### Recorded data
= = = = =

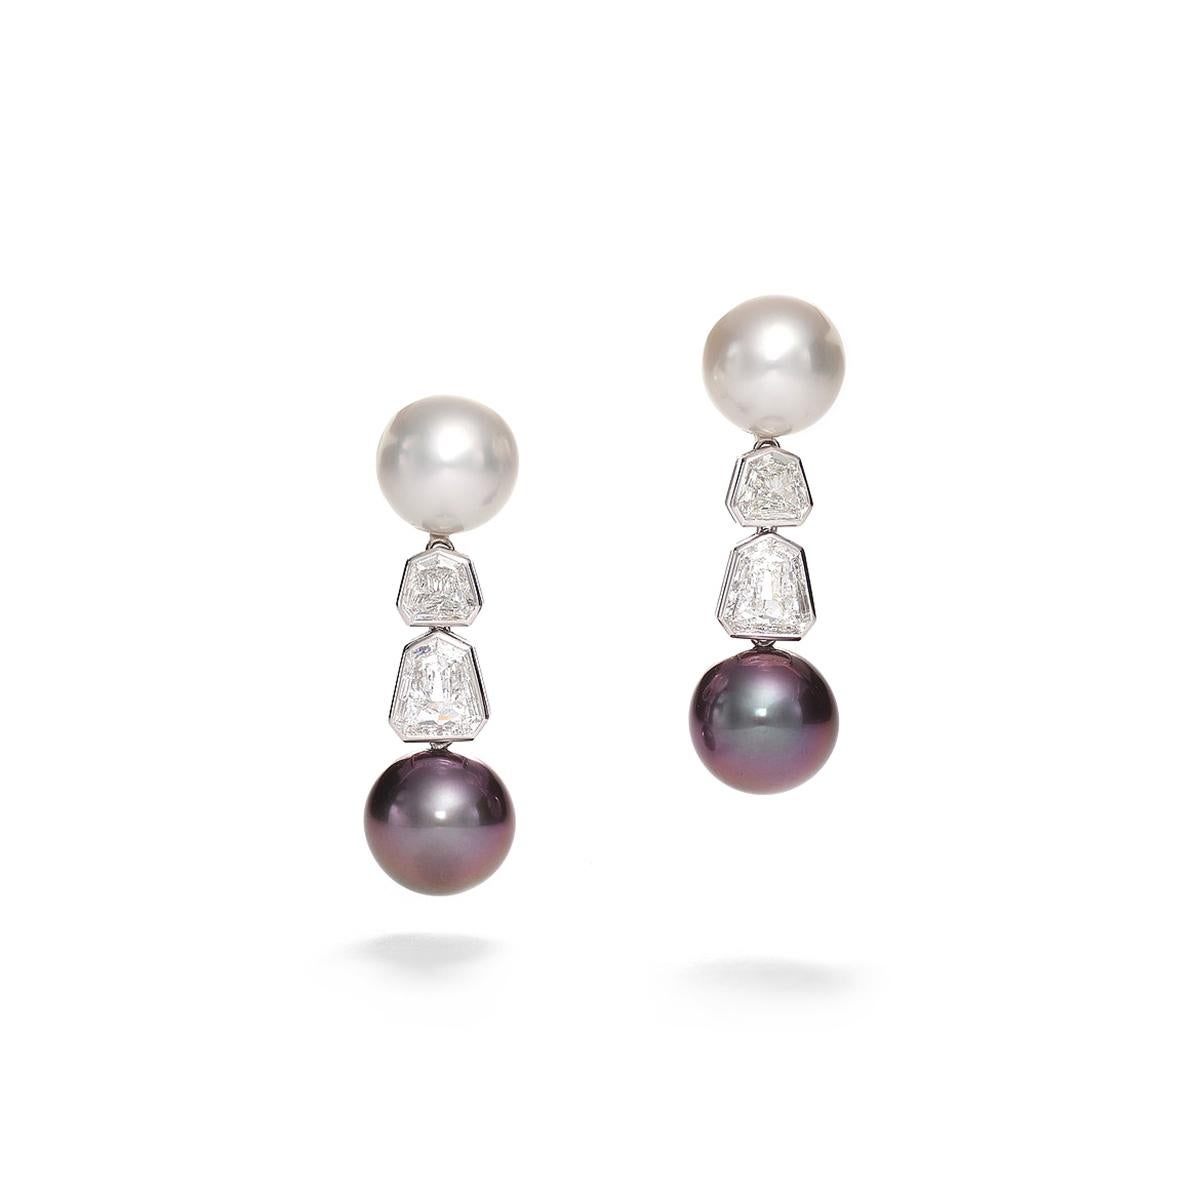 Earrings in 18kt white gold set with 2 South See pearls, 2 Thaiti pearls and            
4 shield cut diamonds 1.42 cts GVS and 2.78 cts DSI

= = = = =

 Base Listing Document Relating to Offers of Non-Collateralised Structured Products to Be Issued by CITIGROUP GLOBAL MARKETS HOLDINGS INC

= = = = =

### Task directions
From the records above, extract the lines from the one holding "Earrings in 18kt" through the one holding "4 shield cut", word for word; omit the pictures.

### Completed task
 Earrings in 18kt white gold set with 2 South See pearls, 2 Thaiti pearls and            
4 shield cut diamonds 1.42 cts GVS and 2.78 cts DSI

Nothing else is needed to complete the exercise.